13. LIMITATION OF LIABILITY.
14. MARKETING AND PUBLICITY.
Publisher hereby grants Tremor a world-wide, non-exclusive, royalty-free right and license to use Publisher’s name, URLs of Publisher Properties, mobile application names, and trademarks solely to identify Publisher as a customer of Tremor and user of the Services. In addition, Tremor may reproduce screen shots of pages of the Publisher Properties for the purpose of preparing sales materials. Neither party will issue any press releases concerning this relationship without the prior written consent of the other party, not to be unreasonably withheld, conditioned or delayed.
This Agreement shall be governed by, and construed in accordance with, the laws of the State of New York, excluding application of its conflicts of law principles. Any action brought to enforce the terms of this Agreement shall be brought within the state and federal courts in New York, New York and Publisher hereby expressly consents to the jurisdiction of any such court. The parties are independent contractors. Nothing in this Agreement will be construed to place the parties in any partnership, agency or joint venture relationship.

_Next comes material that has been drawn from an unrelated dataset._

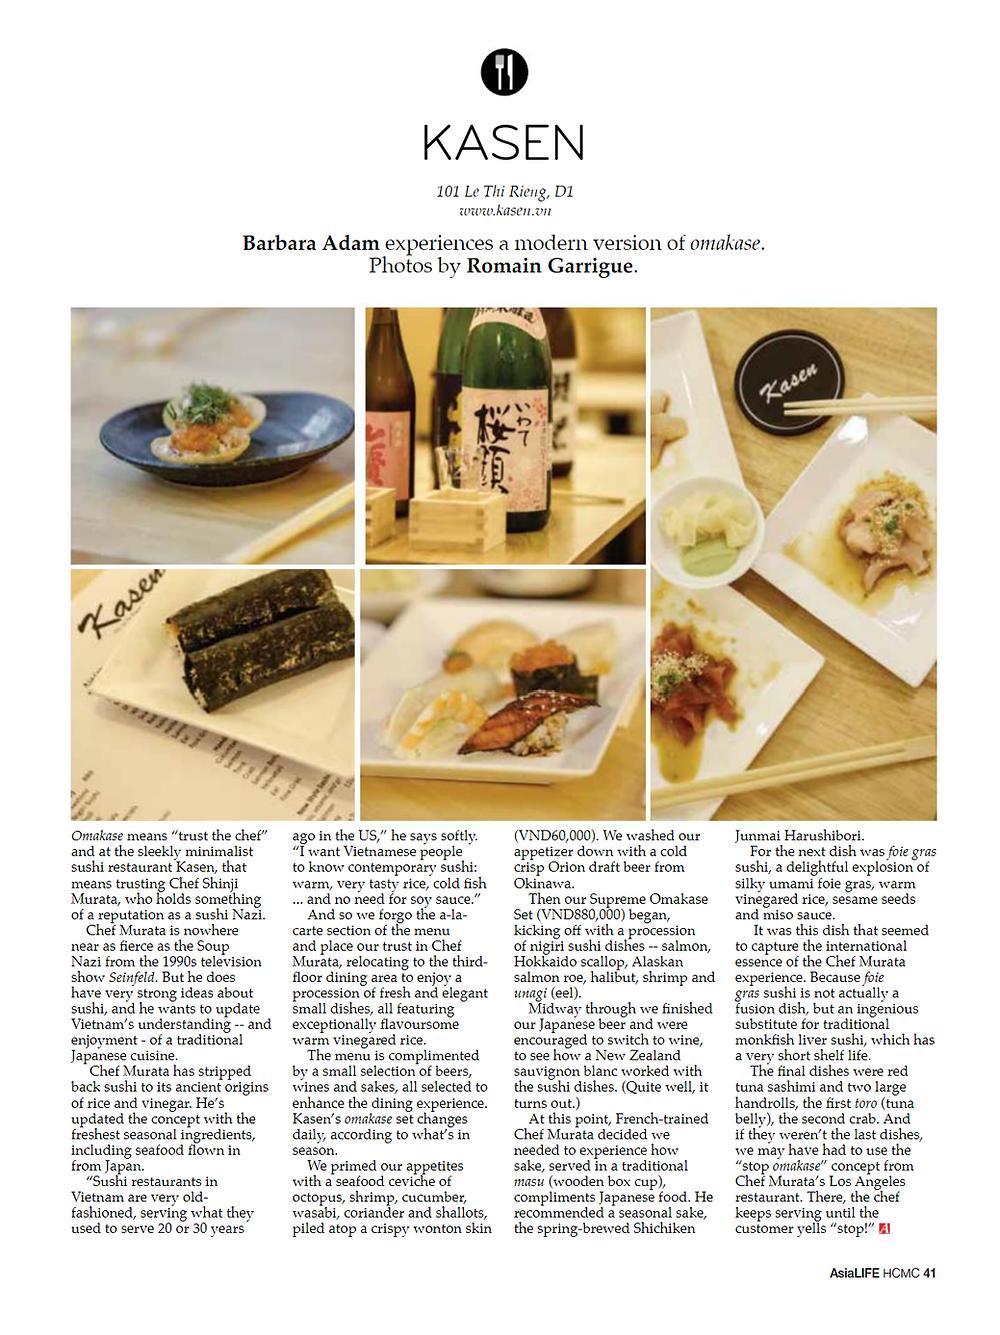 Kasen Omakase Sushi AsiaLIFE Vietnam Saihon Ho Chi Minh City District 1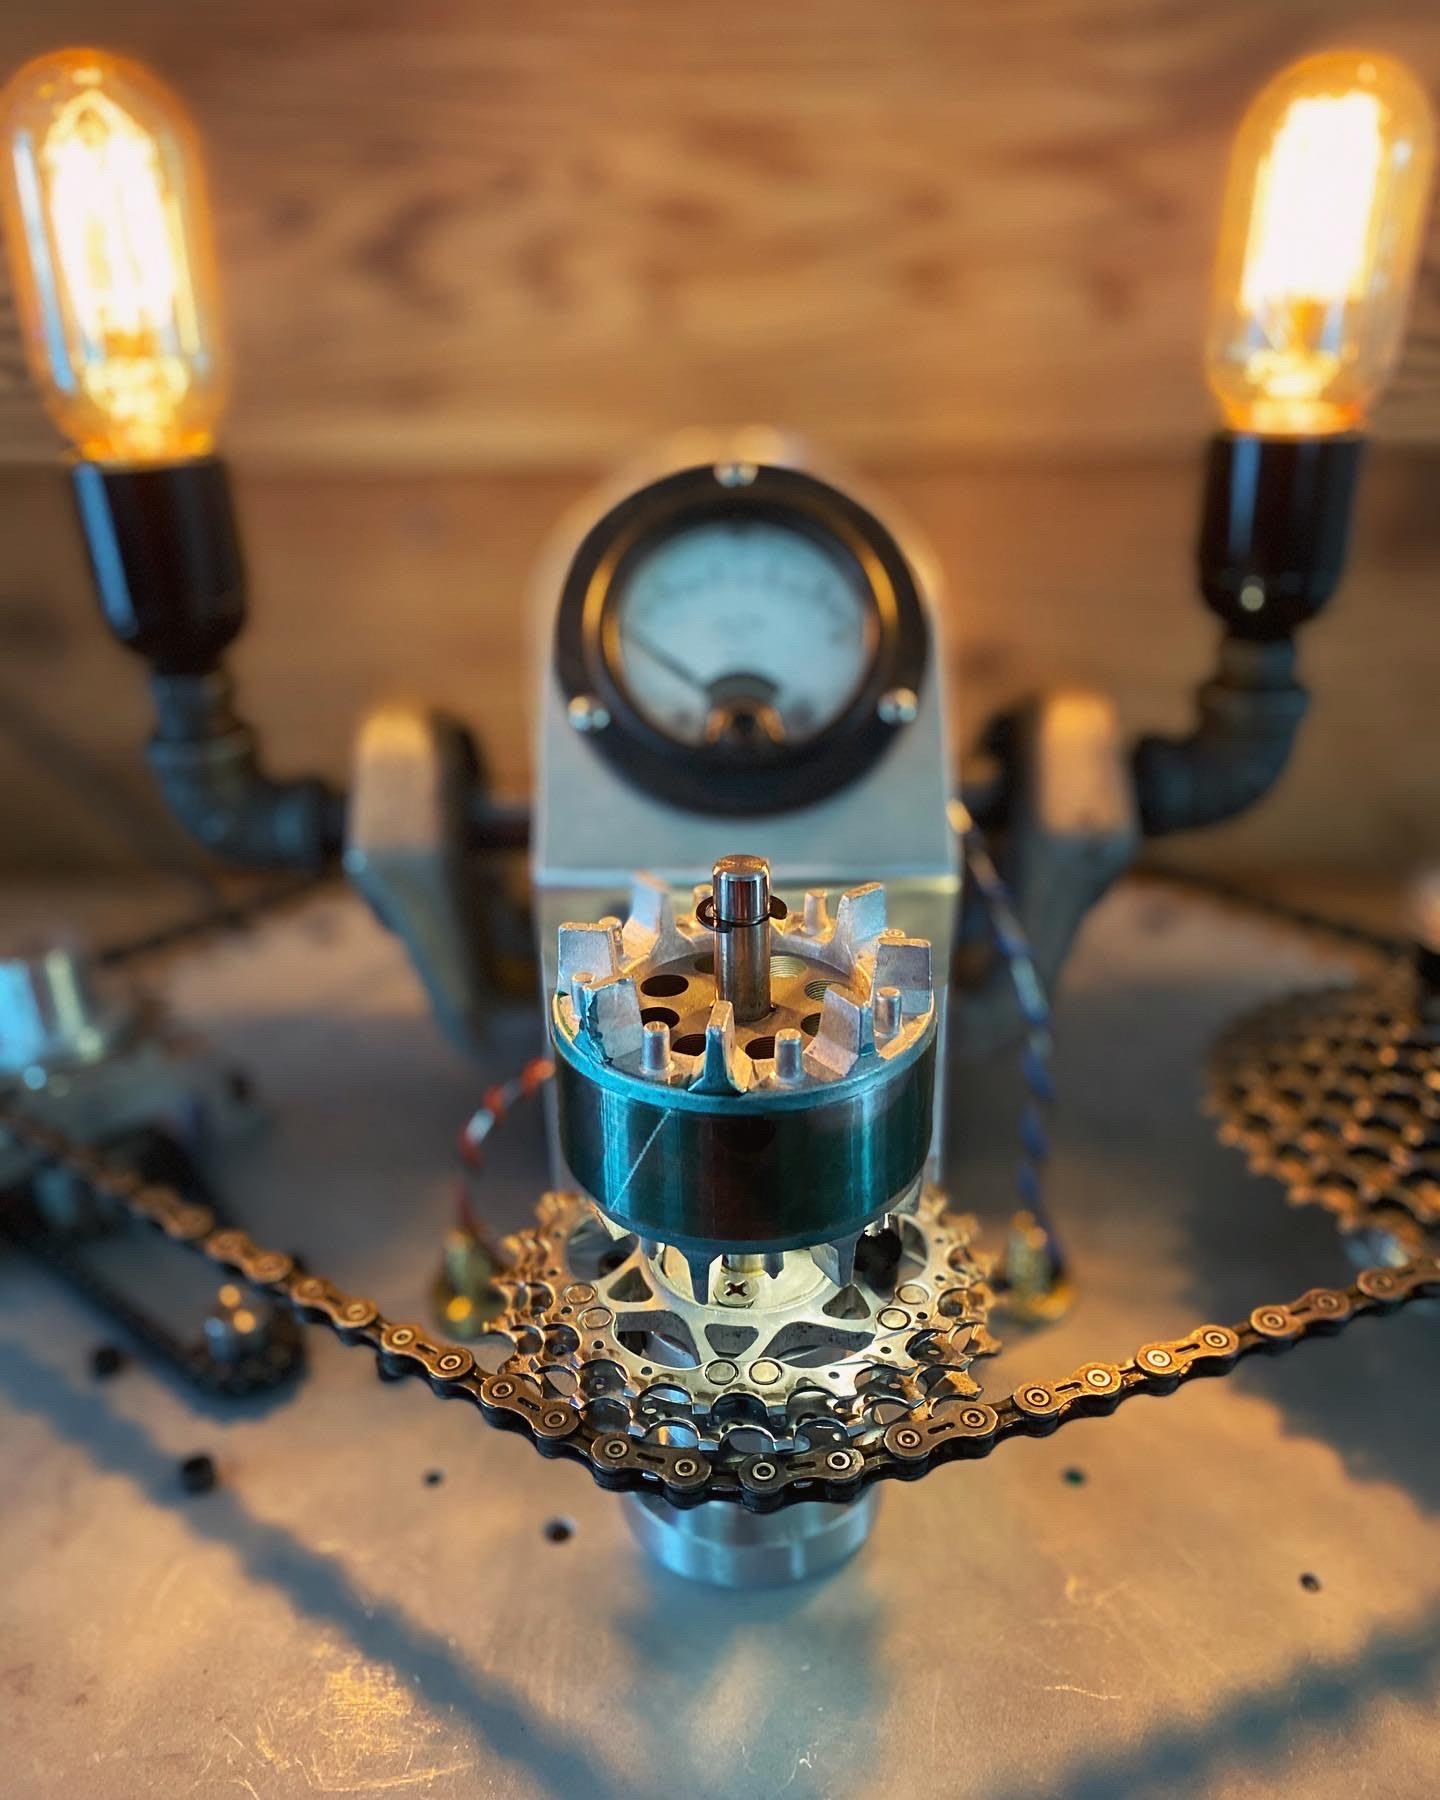 Close up of bespoke lamp construction, gears, lamp, customized, Ed Musho, adidas, employee

Neither party may assign or otherwise transfer this Agreement
without the other party’s written consent, which shall not to be unreasonably withheld, conditioned or delayed. Notwithstanding the foregoing, either party may assign this Agreement without the other party’s written consent, in the case of merger, acquisition or sale of all, or substantially all, of the assigning party’s assets, stock or business. Subject to the foregoing, this Agreement shall bind and inure to the benefit of the parties’ respective successors and permitted assigns. Any notice required to be delivered shall be deemed delivered: by means of a general notice on the Service; three (3) days after deposit in U.S. mail; one (1) business day if sent by overnight courier service; and immediately if sent electronically or by fax or delivered in person. If any provision of this Agreement is held to be invalid or unenforceable, the remaining provisions of this Agreement will remain in full force. The waiver by either party of any default or breach of this Agreement will not constitute a waiver of any other or subsequent default or breach. Neither party will be liable to the other for any delay or failure to perform any obligation under this Agreement if the delay or failure is due to circumstances beyond the reasonable control of the non-performing party. This Agreement constitutes the complete agreement between the parties and supersedes all prior agreements or representations, written or oral, concerning the subject matter of this Agreement. This Agreement may not be modified or amended except in writing signed by a duly authorized representative of each party.